Comment 19 Alexey Proskuryakov 2008-12-09 03:02:17 PST
Comment on attachment 25878 [details]
nineth proposed fix

+        Added test for verifying if a backspace key deletes only the last character of a ligature which consists of
+	multiple Unicode characters.

There is a tab in ChangeLog here, please replace it with spaces.

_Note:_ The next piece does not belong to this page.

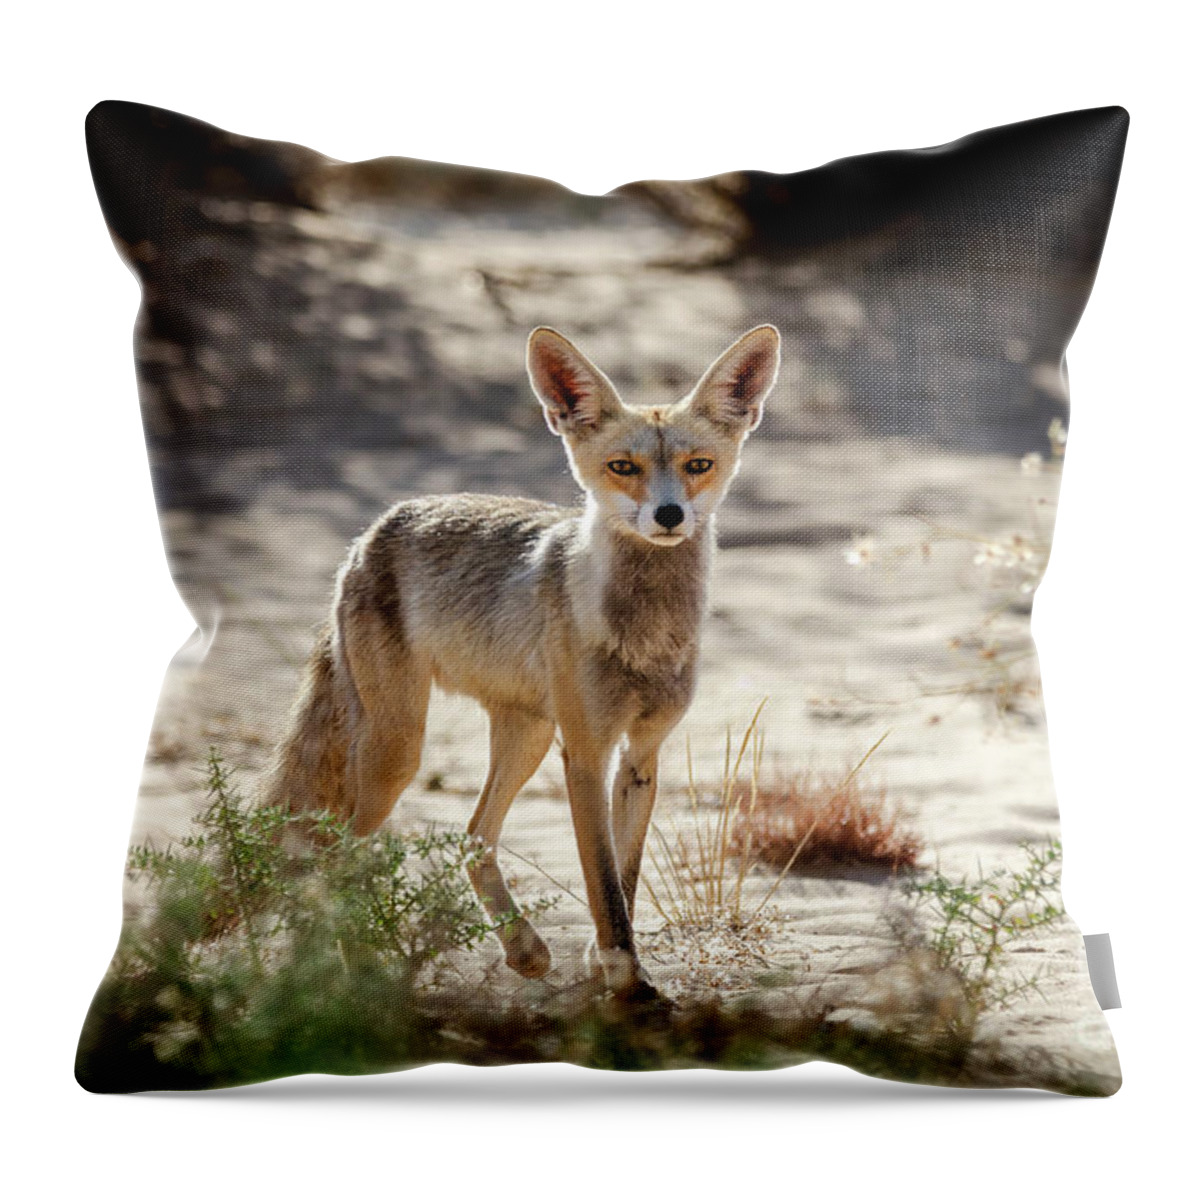 Prairie Throw Pillow featuring the photograph Desert Fox by Arik Baltinester

These tests are not text-only, but the patch only includes text results. Please use layoutTestController to make the tests text-only:
if (window.layoutTestController)
    layoutTestController.dumpAsText().

This patch works much better, but it breaks at least one existing layout test for me: editing/deleting/delete-br-011.html. Does this happen on your machine?
Comment 20 Hironori Bono 2008-12-10 01:43:36 PST
Created attachment 25917 [details]
tenth proposed fix

Thank you for your review and sorry for my stupid mistakes.
I have added dumpAsText() calls in my tests and updated my patch to fix the layout-test regression in "delete-br-011.html".
As far as I tested in my macbook, I cannot see any more regressions in my macbook. (WebKit r39162 has several layout-test regressions and I cannot confirm my fix does not yield any more regressions, though.)
Comment 21 Alexey Proskuryakov 2008-12-10 04:50:43 PST
Comment on attachment 25917 [details]
tenth proposed fix

r=me. As already mentioned by Jungshik Shin in comment 4, there may be follow-up work to do for rare characters that do not have precomposed form, or for text that is encoded in decomposed form - but I don't expect this to come up in practice often, and user expectations in these cases aren't obvious.
Comment 22 Alexey Proskuryakov 2008-12-10 04:51:56 PST
Committed as <http://trac.webkit.org/changeset/39169>.
Comment 23 Alexey Proskuryakov 2008-12-10 05:16:12 PST
I just realized that the comments shouldn't talk about ligatures - ligatures are formed at rendering time from non-combining Unicode characters, like English "ffi", or many Indic ones. This patch fixed Backspace for sequences with combining characters, as ligatures worked correctly already.

This will need to be corrected to avoid future confusion.